Tuesday, 10 August 2010

Phase 1 - Build the Wood Bunker

1. Foundations and first courses
After measuring the plot, I dug 6" deep foundations a little wider than two-brick's width and filled them with concrete.









Once dry, I laid two courses only where they would be visible, and allowed just a single course for the proposed arched entrance to the bunker. For the far side and back I choose to opt for breeze block straight on to the foundation, so save money.

2. The walls
I choose to breeze block and render the walls for economy, simplicity and speed.









Notice, the notches I cut out of the end walls to sit the concrete lintels in. Working with, cutting and shaping the breeze blocks was, as they say, a breeze!

3. Lintel supports for bunker roof/oven floor
After then deciding to build two further posts for each lintel, I cemented them in.









I gave it a good few days to dry out, then added the brick arch* and bunker roof/oven floor by laying the concrete slabs. The observant among you will spot the 'deliberate mistake' - I miscalculated the length of the slabs and came up short, so had to finished the very end with breeze blocks - no big deal!

* The build the brick arch I simply cut two bit of wood the the shape I wanted the opening to be. Nailed them together. Placed this on two thin sticks to raise it slightly. Laid the brick arch and remaining wall blocks on top.
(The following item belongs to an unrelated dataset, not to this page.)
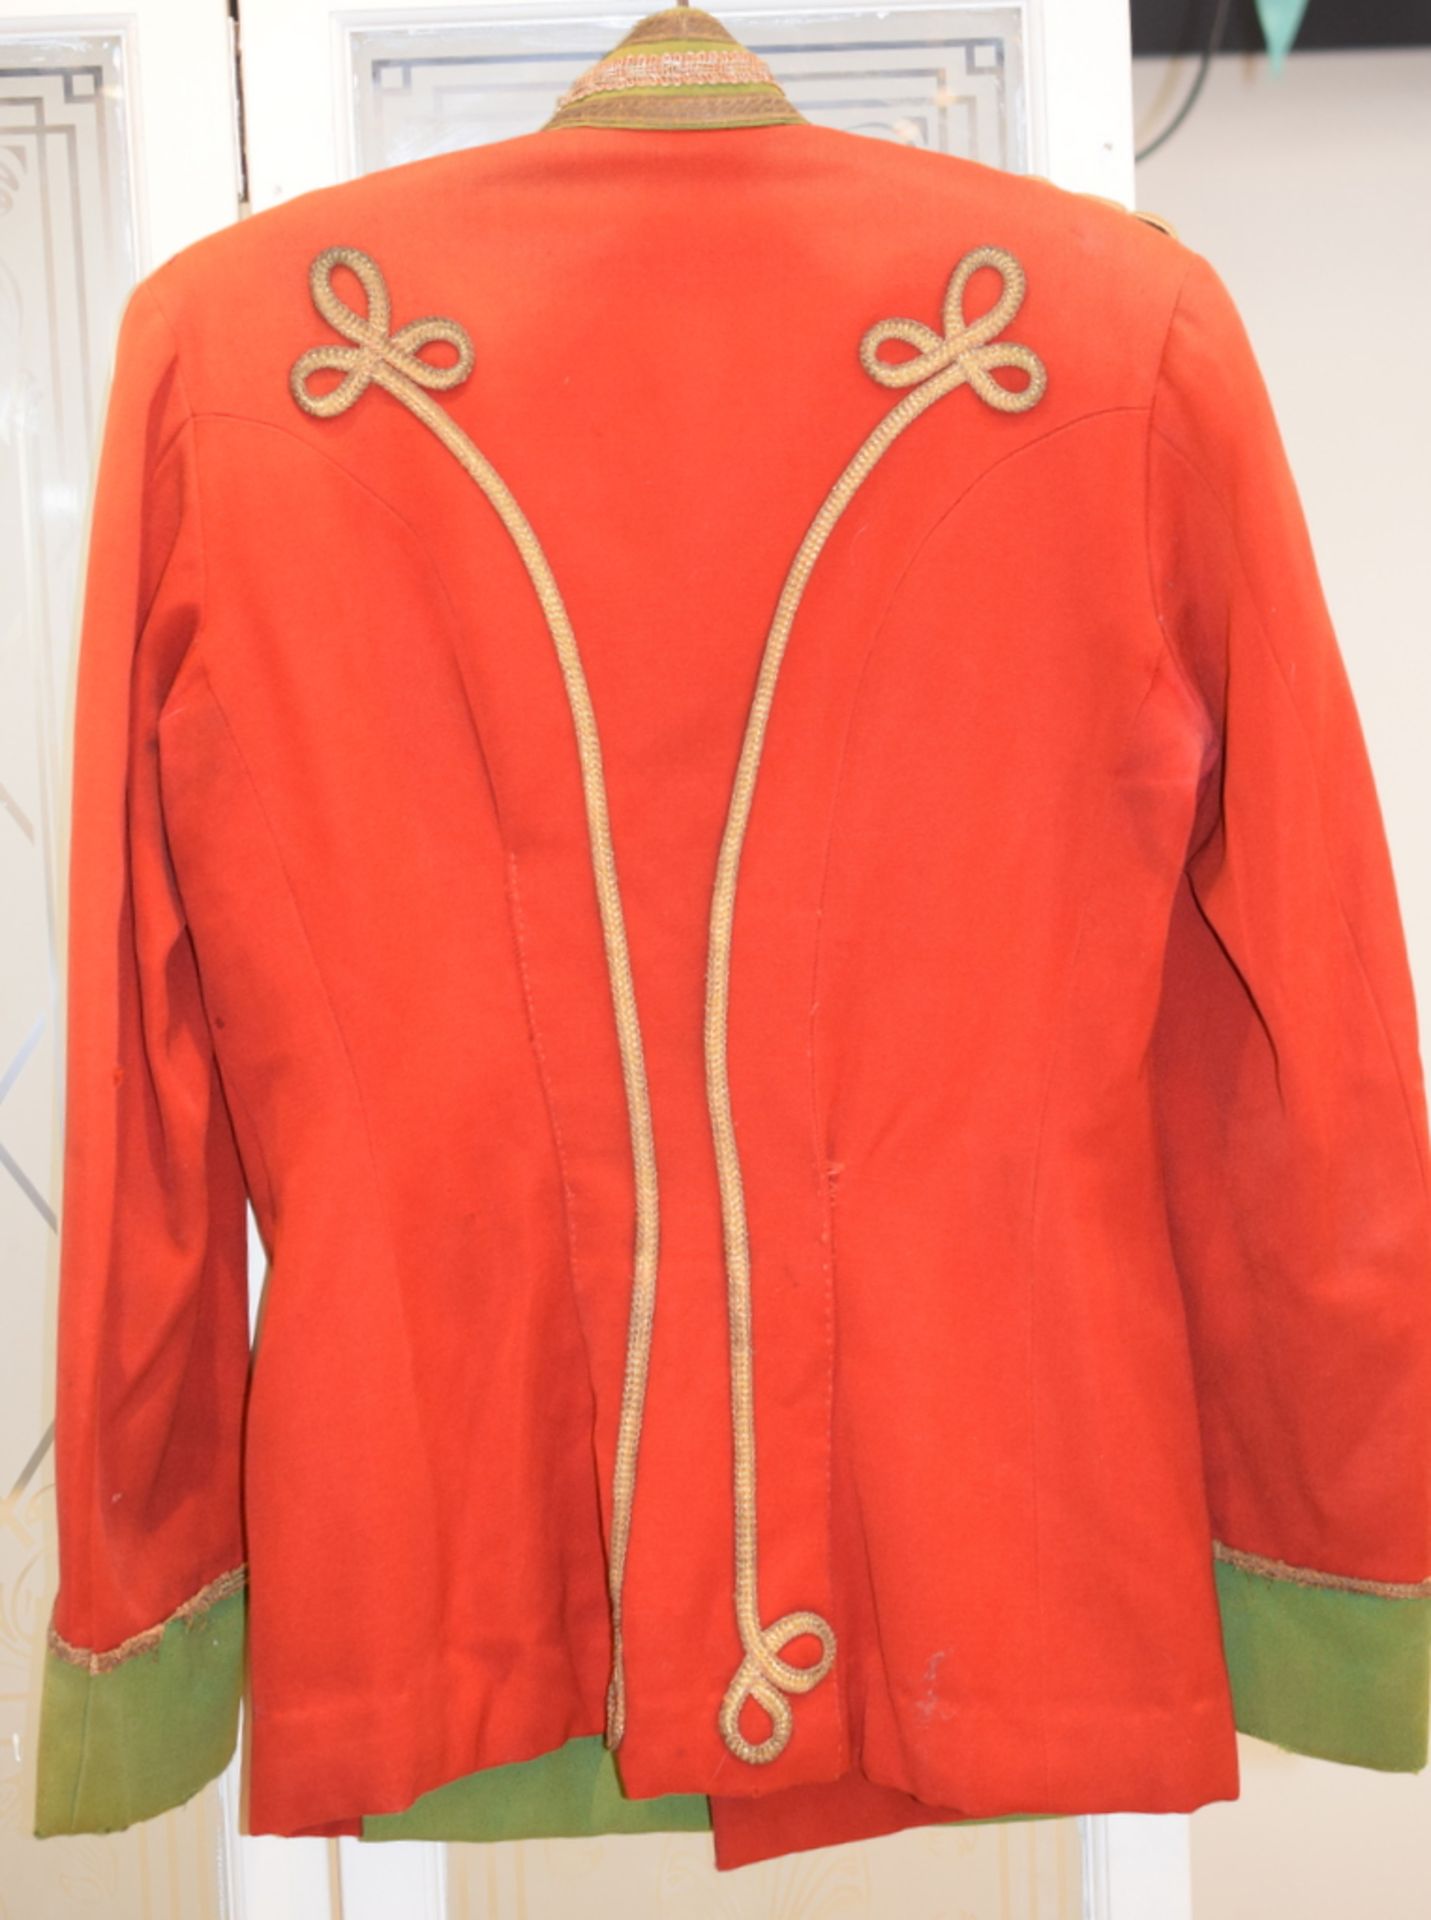 Antique Military Jacket In Red With Green Panelling c1840/60s - Image 3 of 7
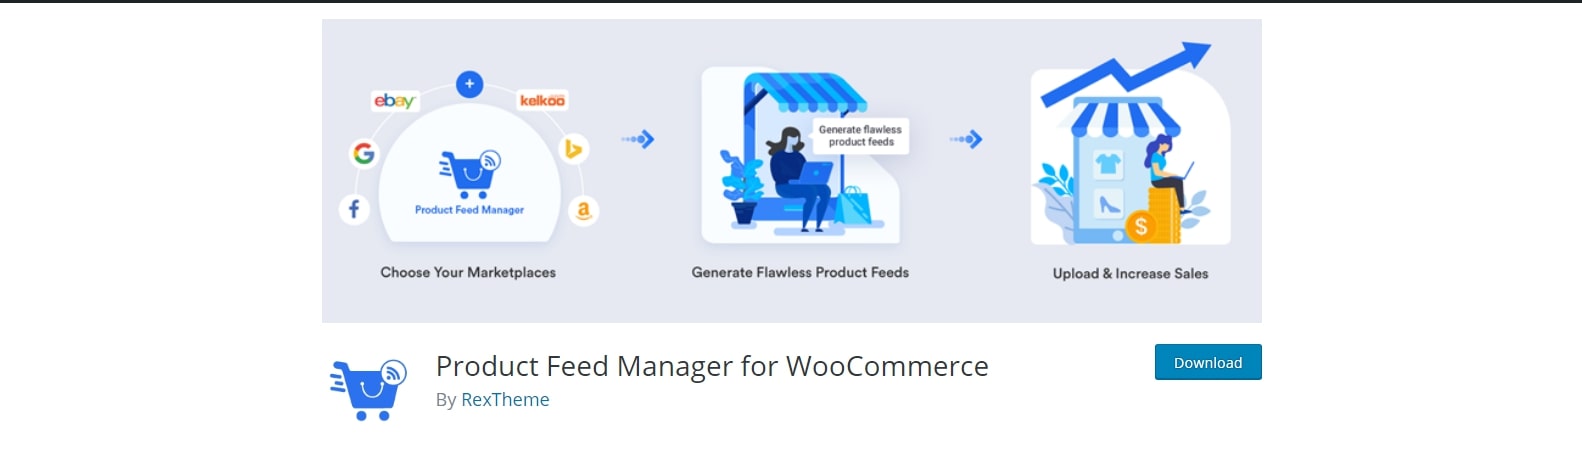 WooCommerce Product Feed Manager

Let it to dry, then kicked out the brick arch. Voila!

4. The insulated oven sub-floor
As guided by the book Build Your Own Earth Oven by Kiko Denzer and Hannah Field, I had to now make an insulated, structurally sound sub-floor for the oven. After building the edge with more breeze blocks the inside was filled with a combination of clay, sawdust and empty wine and beer bottles. The liver took quite a bashing the night before to empty all of these, I can tell you!









As I still wasn't 100% confident about using only clay (and contrary to the books guidelines), I added a little bit of cement to the insulation mix - but I know now that this really isn't necessary.

5. Render face of breeze blocks

This was the only thing I felt I'd have trouble with, so I enlisted my father-in-law Mick. This was definitely the right thing to do. In the time it took me to render on quarter of the back, he had done all the front and used about a sixth of the materials I had used. I was quite happy at that point to sit back and watch a master at work.

Think the render mix was 5 sand to 1 cement. Each face was battoned first with 2x1" wood before having 2 coats of the render mix applied. Once complete, the finished faces were battoned for the remaining faces to be rendered in the same way.

And that was basically the Wood Bunker FINISHED !!